Mass spectrometry (or mass spec) is an analytical chemistry technique that helps identify the amount and type of chemicals present in a sample by measuring the mass-to-charge ratio and abundance of gas-phase ions.

As standard, mass specs have 3 components – a component to convert sample from liquid to gaseous form. Then a component to ionise the sample (hit with high energy to turn to positive or negative ions), then the component to detect quantities of each ion (peaks of each ion seen).

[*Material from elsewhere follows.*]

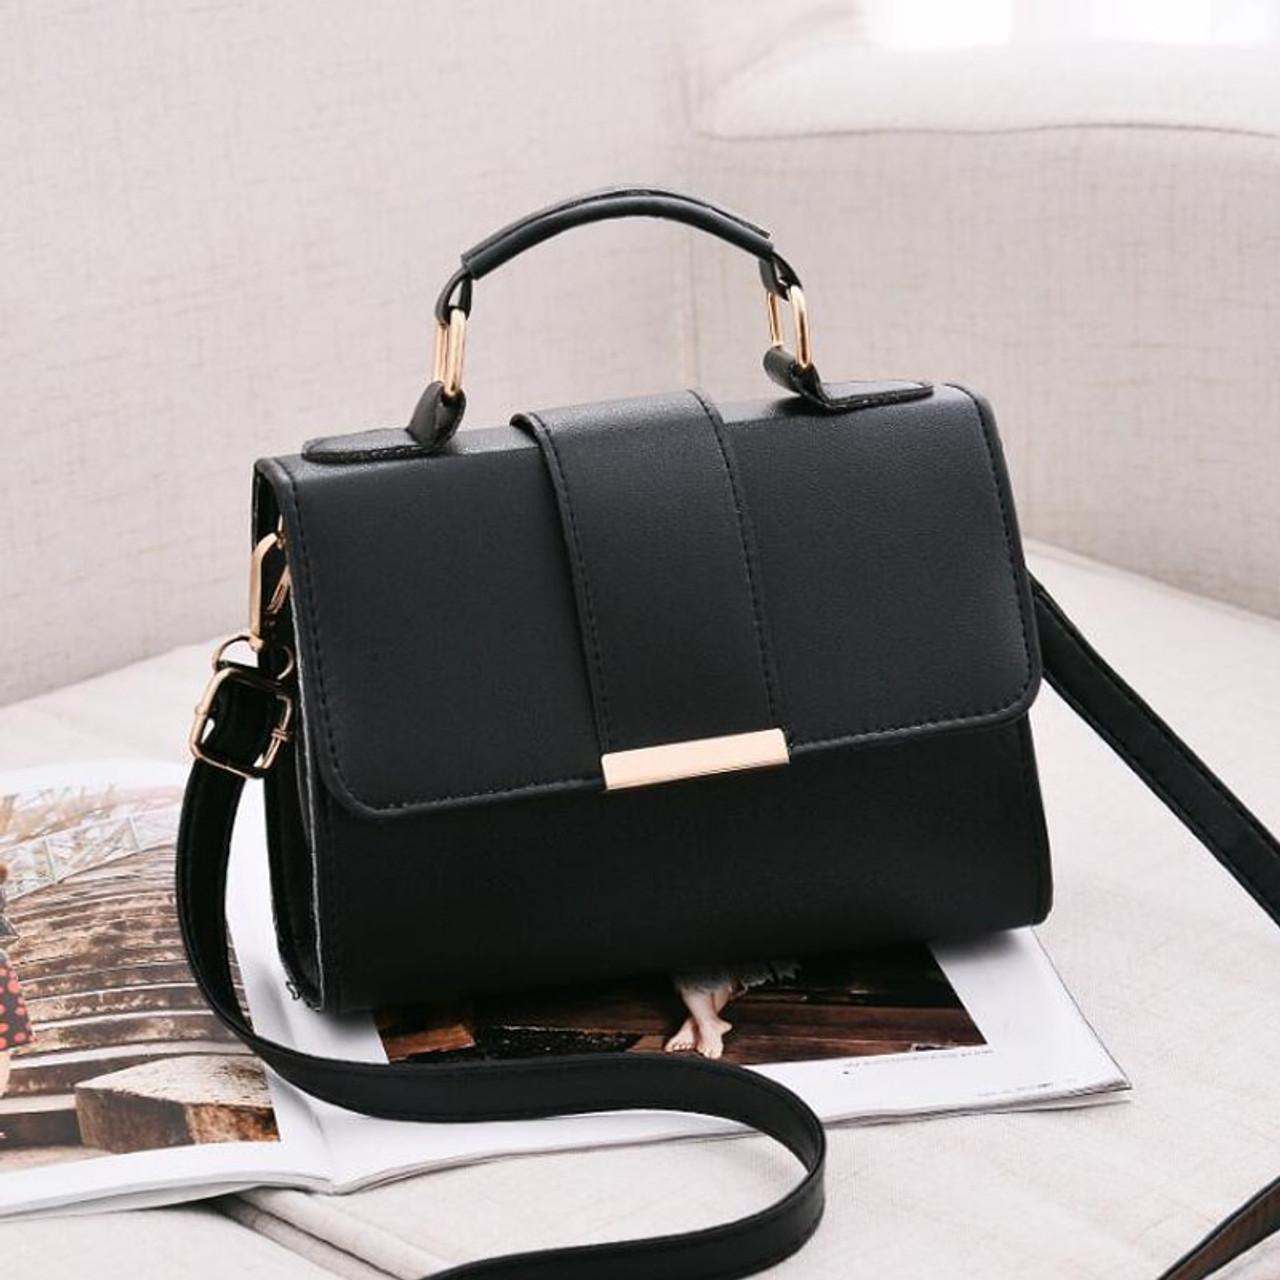 8fbb322ceb ... REPRCLA 2018 Summer Fashion Women Bag Leather Handbags PU Shoulder Bag  Small Flap Crossbody Bags for ...

Instead of using a needle to aspirate and spray the samples as with standard mass specs, the acoustic mass spec sends a sonic pulse through liquid creating a ‘mountain of liquid on the surface’. For compound handling, a 2.5 nanoLitre droplet is generated and fired from the liquid surface. For acoustic MS we send a second pulse through the mountain of liquid and this explodes the 2.5nL droplet into hundreds of femtoLitre droplets. In effect sending a tornado of droplets through a charged field to generate a stream of ionised particles into the mass spectrometer.


Allows us to generate data at a rate of 10,000 data points per hour.


The acoustics fire at 500Hz frequency (500 times per second) – that means we fire in 500 bursts of droplets every second.


For some analytes, we only need ~160 droplet bursts from a sample to generate enough ions – delivering samples to the mass spec at a rate of 3 per second.

A scientist's perspective

Jonathan Wingfield Principal Scientist, Discovery Sciences

Why did AstraZeneca invest in this equipment?

When you see the droplets flying and you see the science behind it – it’s astonishingly cool. It’s revolutionary. It allows us to work at very high throughput and with very small sample volumes – we only need 2µl of sample. Using this screening system we can screen more compounds or more targets for the same cost. For some assays we could reduce the cost of High Throughput Screening by 80%.

What was AstraZeneca's role in its development?

AstraZeneca has brought together a world leading supplier of MS technology (Waters) and the global leader in acoustic droplet ejection technology (Labcyte) to deliver this revolutionary platform. It required the vision of AZ’s scientific leaders to recognise the potential of this system. We took the idea to the partners, suggesting that it is possible to use acoustics in a different way in mass spectrometry. Being open about the work we are doing has shown the wider scientific community that AstraZeneca is prepared to invest in ground-breaking science, we are not just making a small change in mass spectrometry, but we are leading a potential revolution in mass spectrometry screening. As with any novel area of research this project carries an element of risk, again our openness shows that AZ is prepared to take scientific risks. We’re engaging the broader scientific community early in the process, and delivering real benefit to the community overall.

What is the reaction within the research community?

The acoustic mass spec platform won the 2015 Innovation Award from the Society for Laboratory Automation and Screening. This is awarded to the podium presentation at the annual conference that shows the most innovation and impact in screening. AZ is the first non-US based company to receive this award. The webcast of the podium presentation was made available to members after the meeting, and the society received so many requests to access this presentation that they made it free to non-members for a period, which is unprecedented. Subsequently, the society has decided to make the presentation available for free to the science community for 2 years. We have also had a paper about the platform accepted in a peer-reviewed journal (Journal of Laboratory Automation).